By wrapping the example in similar stuff as the rest of the examples in the crate, the no_run can be removed, and all the unwraps can be replaced with ?s.

# fn run() -> Result<(), Box<::std::error::Error> { let response = client.post("https://httpbin.org/post")? .multipart(...) .send()?; # } # fn main() {}

seanmonstar · 2017-07-25T19:43:00Z

src/request.rs

+    ///
+    /// See [`to_multipart`](fn.to_multipart.html), [`MultipartRequest`](struct.MultipartRequest.html)
+    /// and [`MultipartField`](struct.MultipartField.html) for more examples.
+    pub fn multipart(&mut self, multipart: MultipartRequest) -> &mut RequestBuilder {


I wonder if there's a way to make this method be as convenient as form and json, possibly allowing a user to send very simple forms without importing more types.

Could it be generic over T: Serialize? That probably makes it difficult to use the MultipartField builder pieces to adjust extra pieces, like the file name or mime...

Well, actually, if the MultipartField were to implement Serialize, then someone could use that directly, and then call req.multipart(vec![field1, field2])...

I suppose there could be an issue if you built a HashMap<String, MultipartField>, cause then the question is which name to use...

The point of this signature is to allow the builder and Serialize via to_multipart.

If it took Serialize directly then like you say how would the builder methods be called.

So, if a user has made use of a Serialize thing, I suspect they wouldn't need to use the builder to add more fields. They could have added them to their previous thing, right?

And for customizing parameters by using MultipartField, likewise, those could be just be added to a thing that implements Serialize, right?

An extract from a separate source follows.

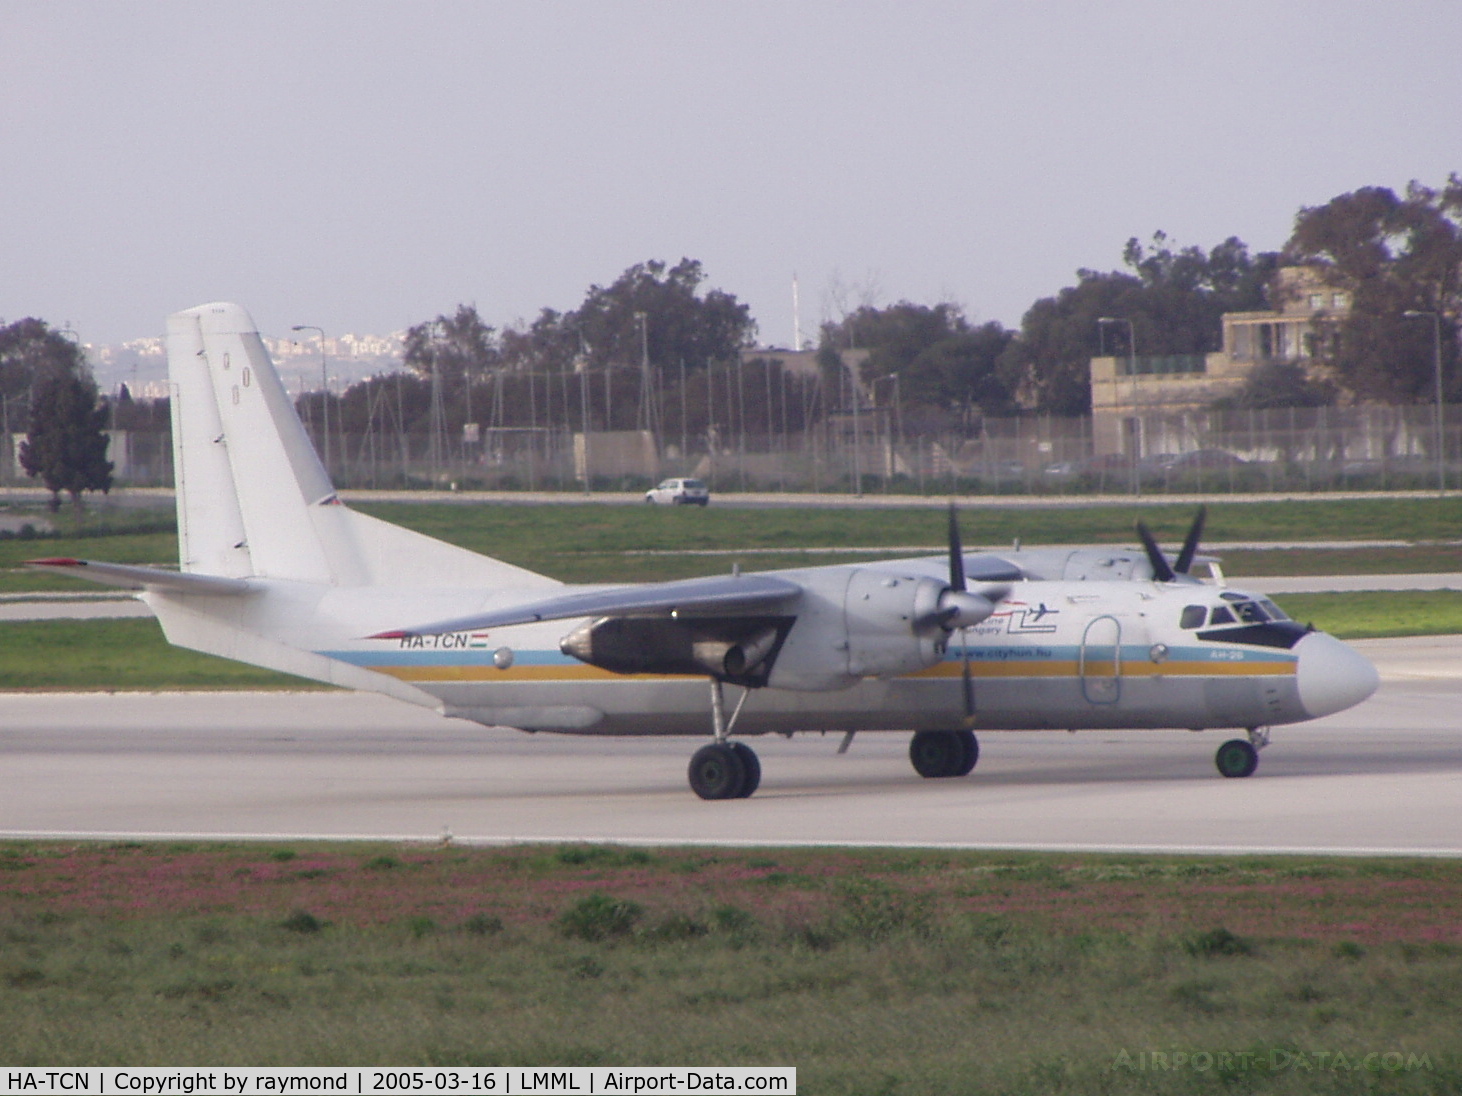 HA-TCN, 1977 Antonov An-26 C/N 97307705, An26 HA-TCN of Aviaexpress seen after landing. Aircraft stayed overnight.

let bike = vec![ MultipartField::param("gears", "21"), MultipartField::param("color", "blue"), MultipartField::file("photo", "/usr/foo/photo.png") .mime(mime::IMAGE_PNG), ]; client.post(url)? .multipart(bike)? .send()?

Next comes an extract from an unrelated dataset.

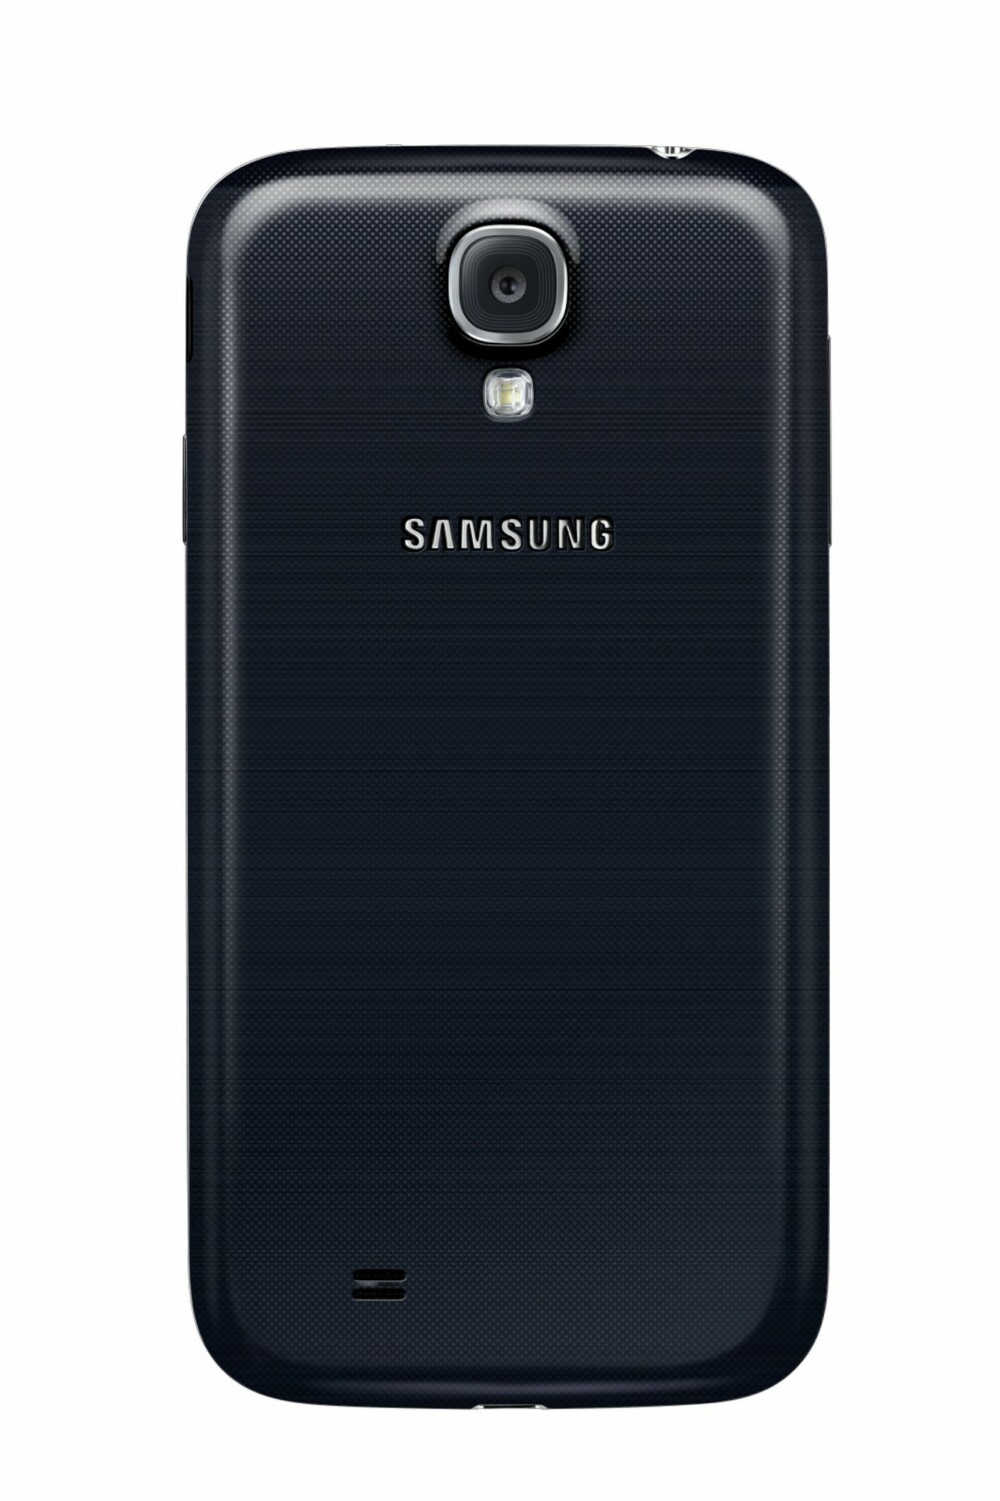 13 MP: Galaxy S4 får et 13 megapiksels kamera. Ansiktskameraet blir på 2 megapiksels.

Could something like this work? I should do another look at ser.rs...

I dont know Serde well enough to know if that is possible. I feel it does not work because the thing implements Serialize could be a list, struct or hashmap. How would MultipartField be added to a struct or hashmap?

I gave this some more thought. How are nested values serialized? Does it serialize to a thing of name = "products[bike][name]" or something? I'm not sure if that is usual, or just something that some individuals do.

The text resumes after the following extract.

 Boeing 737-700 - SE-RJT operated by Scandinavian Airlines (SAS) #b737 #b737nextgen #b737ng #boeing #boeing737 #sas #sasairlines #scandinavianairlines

Anywho, if nested fields don't work, then we could instead make the serialize look certain structure patterns, kind of like requests does. Either with use of a specific order in tuples, or by blessing certain names... Examples:

#[derive(Serialize)] struct Bike { gears: usize, color: String, photo: (PathBuf, Mime) }

let form = &[ ("photo", (some_path, some_mime)), ];

The field names of MultipartField could be special too, such that someone can use those builders instead of tuples...

I gave this some more thought. How are nested values serialized? Does it serialize to a thing of name = "products[bike][name]" or something? I'm not sure if that is usual, or just something that some individuals do.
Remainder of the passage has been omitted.